[Input records]

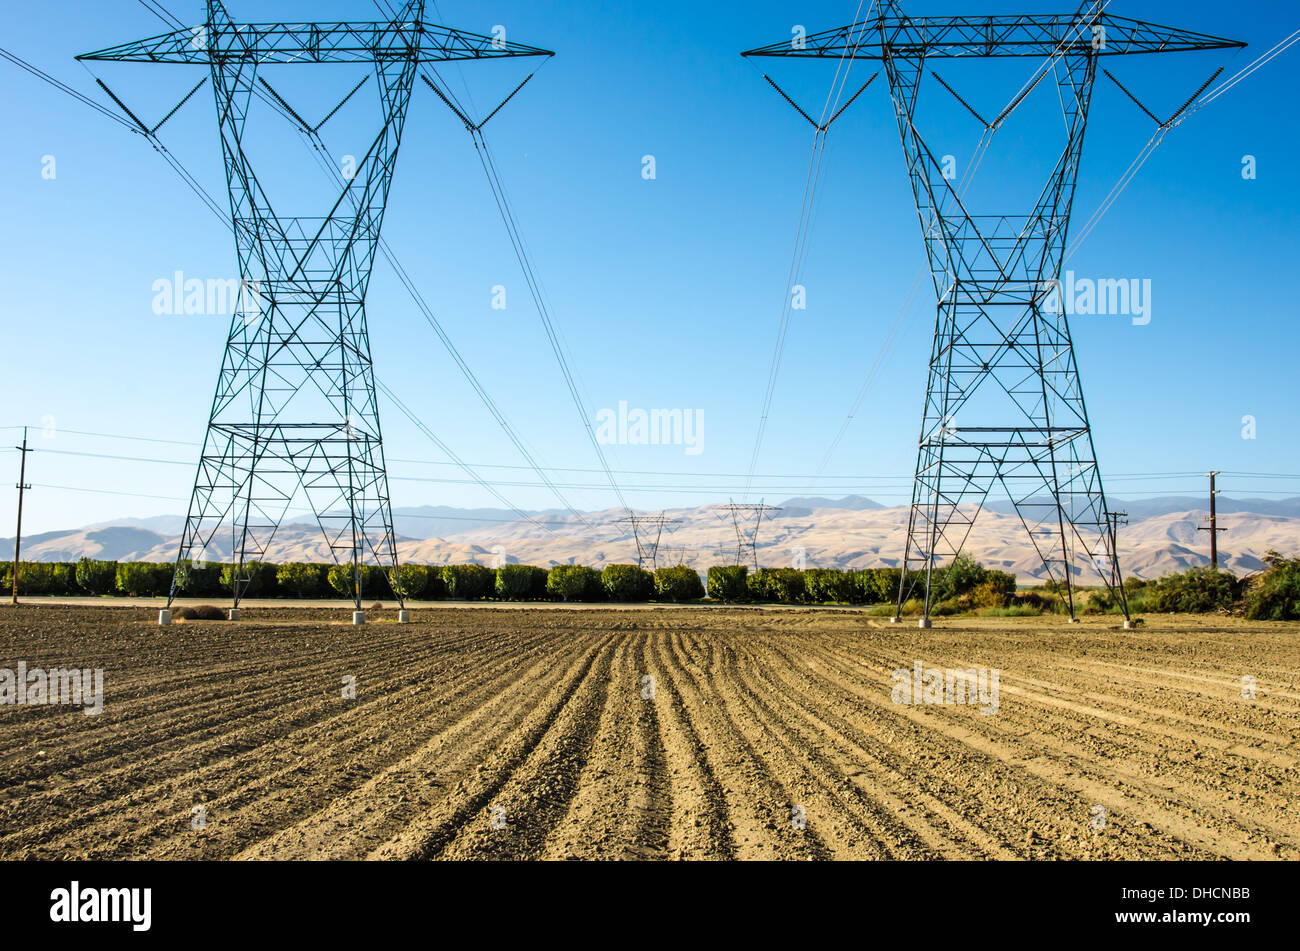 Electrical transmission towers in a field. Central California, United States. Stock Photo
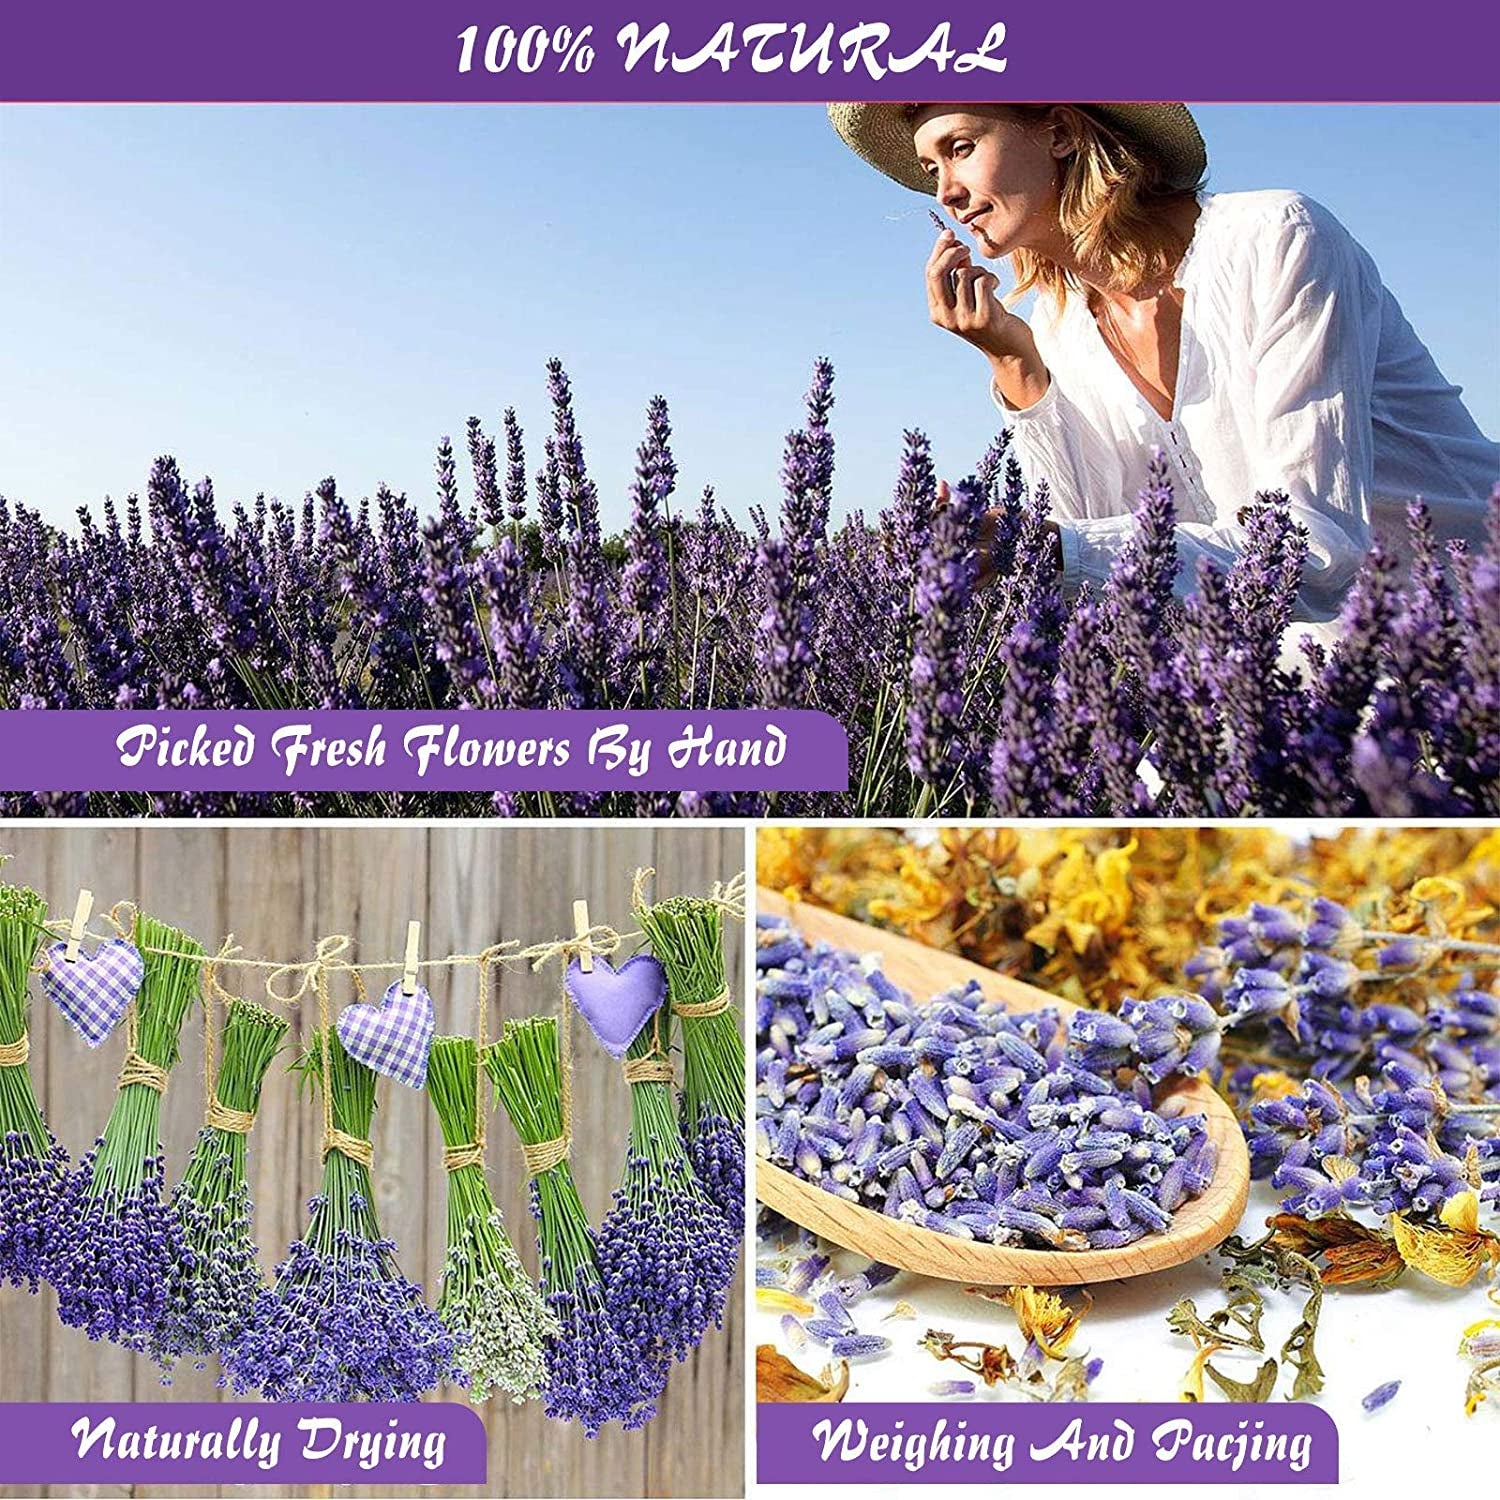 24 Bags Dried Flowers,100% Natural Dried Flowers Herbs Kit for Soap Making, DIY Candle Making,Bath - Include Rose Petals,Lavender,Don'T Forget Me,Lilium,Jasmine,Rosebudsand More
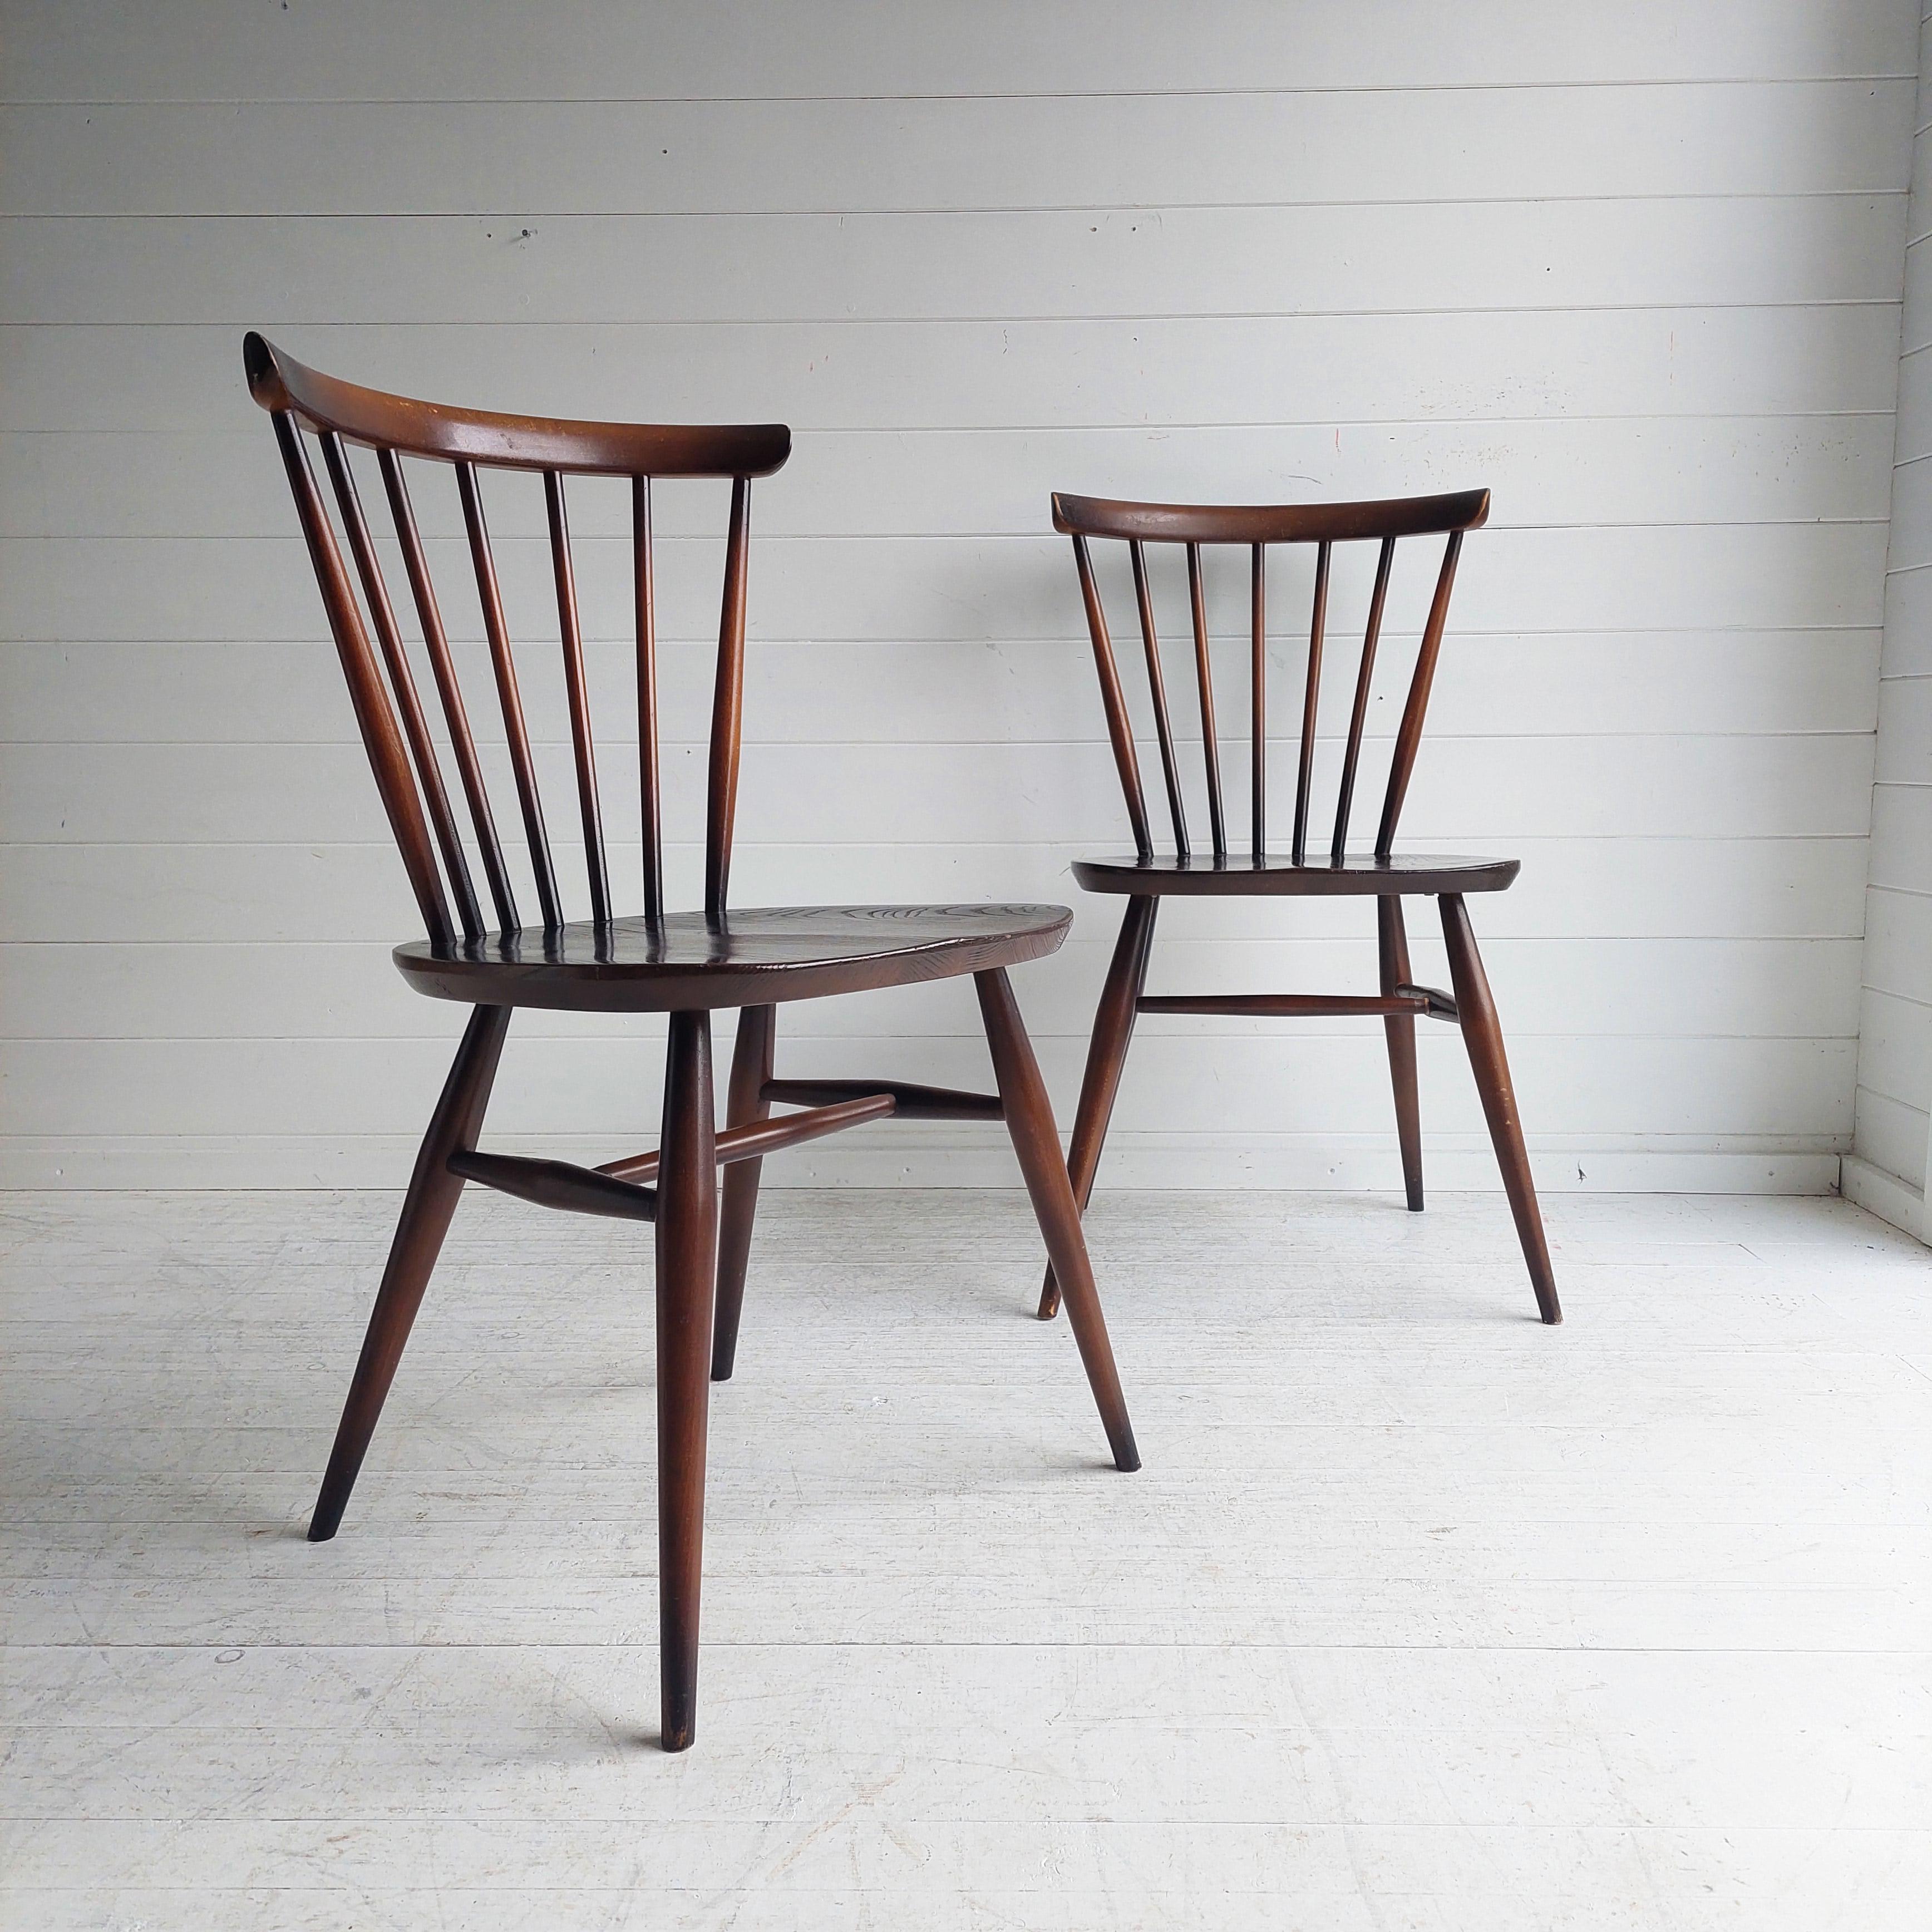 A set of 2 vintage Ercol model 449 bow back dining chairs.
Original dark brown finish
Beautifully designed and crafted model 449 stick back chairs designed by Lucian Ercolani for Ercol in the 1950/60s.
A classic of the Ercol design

[/Input records]

Your answer should contain all the material above, written out exactly, and none of the pictures.

» **Your response**
 Electrical transmission towers in a field. Central California, United States. Stock Photo
 24 Bags Dried Flowers,100% Natural Dried Flowers Herbs Kit for Soap Making, DIY Candle Making,Bath - Include Rose Petals,Lavender,Don'T Forget Me,Lilium,Jasmine,Rosebudsand More
 A set of 2 vintage Ercol model 449 bow back dining chairs.
Original dark brown finish
Beautifully designed and crafted model 449 stick back chairs designed by Lucian Ercolani for Ercol in the 1950/60s.
A classic of the Ercol design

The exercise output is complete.